The customers have, each passing day, been expressing frustration and disappointment over the poor Internet services of virtually all the digital banks since the cash crunch occasioned by the implementation of the cashless policy by the CBN, causing a lull in business transactions.

Some of these customers, who spoke to Financial Street, specifically mentioned the difficulties they experience during the use of mobile banking apps that are unarguably worsened by slow Internet.

Speaking under anonymity, a female digital bank user said she had spent almost the whole day trying to transfer money to her daughter in one of Nigeria’s federal universities, as she continued to experience failed transactions.

She is not alone in the lamentation on unsuccessful cashless transactions due to failed mobile networks amid the biting scarcity of Naira notes. Others recounted that after several days or weeks, some of the mobile bank transactions for payments had yet to be delivered and the monies had yet to be reverted as at the time of narrating their sad experiences.

More than ever, most families’ savings are trapped in the bank, as the Naira swap policy has plunged the country into a seemingly endless cash crunch due to insufficient new banknotes.

For Kingsley Ighomor, the shortage of cash means that even basics like food and medicine are being trimmed.

He said,, “One day, the family had to go to bed on empty stomach.

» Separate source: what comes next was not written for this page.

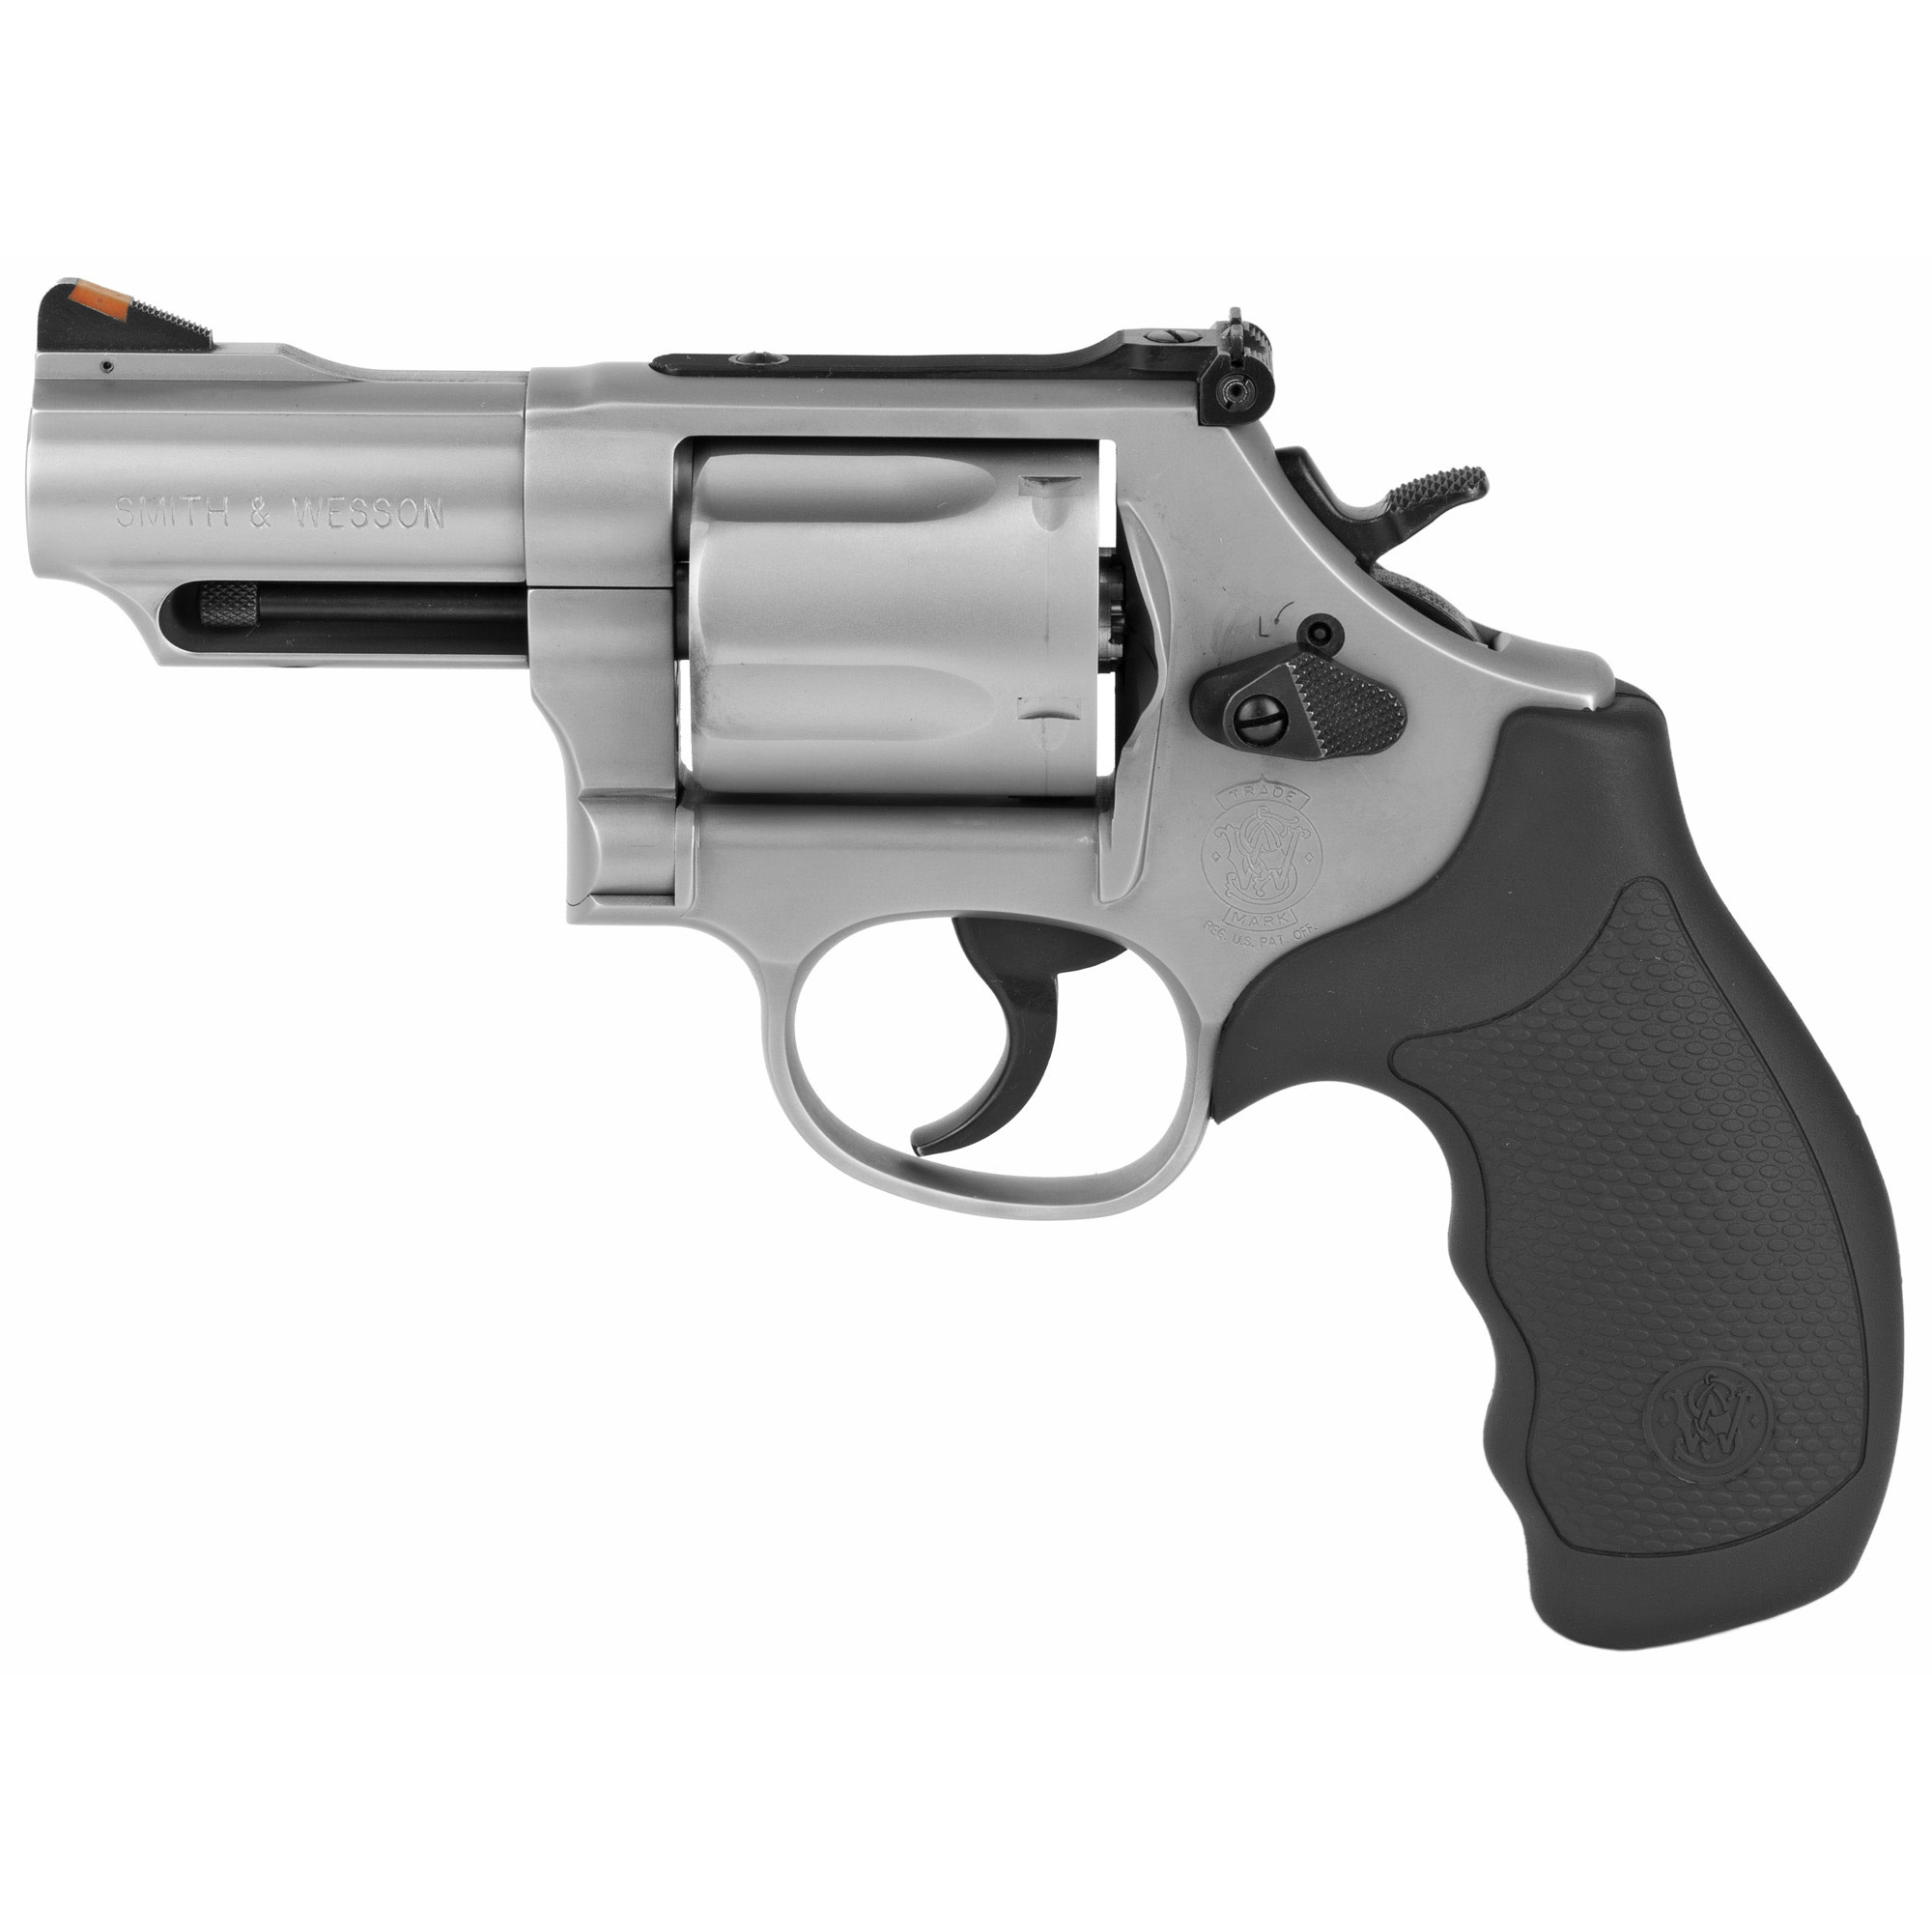 Smith & Wesson, Model 69 .44 Mag 2.75" SS/BLK  5RD Revolver

We usually eat three square meals, but on that particular day, we and the children had to sleep on empty stomach because we could not buy food .”

 

Fears digital banks

As it is said in Christendom, “Do not give the devil a foothold,” not a few digital banks in Nigeria, particularly amid the cash crunch, have literally given the devil a foothold, so much that they were, as alleged in the Fintech space, being used in perpetrating fraud.

A viral story credited to on AbdulMumin claimed that the CBN was about to suspend accounts of the Fintech companies because they were being used to perpetrate fraud.

The rumour partly reads, “Please, if you are using Opay, Palmpay or any of these China Apps or their Point os Sale machines, stop keeping much money in the account or stop using them. The CBN is about suspending their accounts because these apps are being used to perpetrate fraud.”

However, the CBN refuted the reports, describing them as fake news.

According to the News Agency of Nigeria, the Acting Director, Corporate Communications, CBN, Isa AbdulMumin, on Friday, March 24, 2023, in Abuja, said that the viral news “is simply fake.”

This served a little elixir in the mind of the digital bank users, who likened them to the infamous, deposit-doubling MMM that was “doing well” until the customers woke up one morning to the news that the platform had parked up.

Still, optimistic digital bank patrons believe that the “huge” loans given out by the banks will pin the financial institutions down, as they will not like to abandon such monies.

Whether the online banks are in Nigeria to stay is still hanging in the balance.